1) Skills assessment - Should I be choosing the CDR ? or is there some other path ?

2)Ive decided to go with PTE rather than IELTS / TOEFL . But some of my friends have informed me the PTE is valid only for educational purpose & not for PR . Can someone please confirm .?

3)Can someone please provide the checklist for skills assessment ? Is it okay if I can just show my Pay Slips as proof ? Because the reference letters will take a lot of time in our company. Is there any other alternative if I cannot get reference letters ?

4)Are there any deadlines ?


Kindly help me guys so that I can start the process early .

Thanks in Advance


----------



## sultan_azam (Sep 9, 2015)

abhishek6390 said:


> Hi Everyone ,
> 
> Im a Civil Engineer working as a planning engineer / Project Co-ordinator in India since 3 years .
> 
> ...


 you will have to go through CDR method i.e. Engineer Australia if you want to apply PR under occupation code 233211



> 2)Ive decided to go with PTE rather than IELTS / TOEFL . But some of my friends have informed me the PTE is valid only for educational purpose & not for PR . Can someone please confirm .?

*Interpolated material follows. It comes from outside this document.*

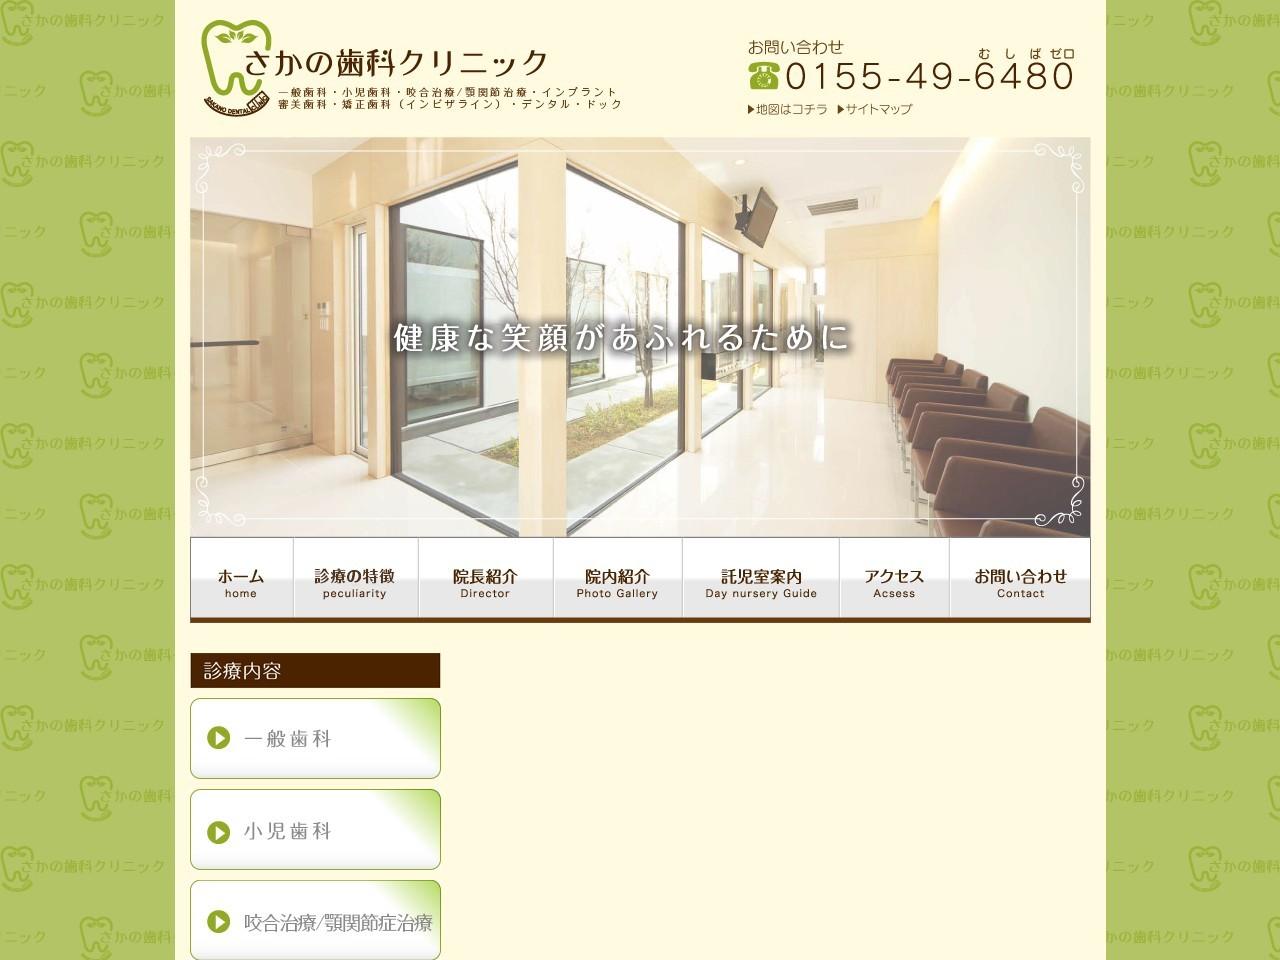 医療法人社団慶香会  さかの歯科クリニック (北海道帯広市)

for skill assessment with EA you need IELTS 6.0 in all sections, EA doesnt accepts PTE but they are about to accept TOEFL from Jan 2016

for applying visa you can gain 10 points with IELTS 7.0/PTE 65 in all sections; you can gain 20 points with IELTS 8.0/PTE 79 in all sections; 




> 3)Can someone please provide the checklist for skills assessment ? Is it okay if I can just show my Pay Slips as proof ? Because the reference letters will take a lot of time in our company. Is there any other alternative if I cannot get reference letters ?


1.	Filled CDR Form 
2.	Softcopy of 3 Projects Reports, Analysis of Narratives and Summary of Competencies Claimed and CPD (Sample will be provided)
3.	Softcopy of updated CV giving details of project reports 
4.	Original GST Exemption Letter 
5.	Certified copy IELTS Score Sheet (Original IELTS Score to be sent directly to EA from the IELTS Test Centre)
6.	Certified copy Educational Documents starting from 10th Grade (Marksheets & Certificates)
7.	Certified copy Employment Reference Letters
8.	Certified copy Employment Documents such as Offer Letter, Appointment Letter, Increment Letter, Salary Slips and others
9.	Certified copy Form 16 (if Available)
10.	Certified copy of Passport Pages
11.	Certified copy of Birth Certificate 
12.	Photographs (4)
13.	Fee AUD $850~900 excl GST for CDR Assessment and relevant skilled employment.
14.	Copy of Skilled employer record 
15.	Certified Copy of Registration as an Engineer (If available)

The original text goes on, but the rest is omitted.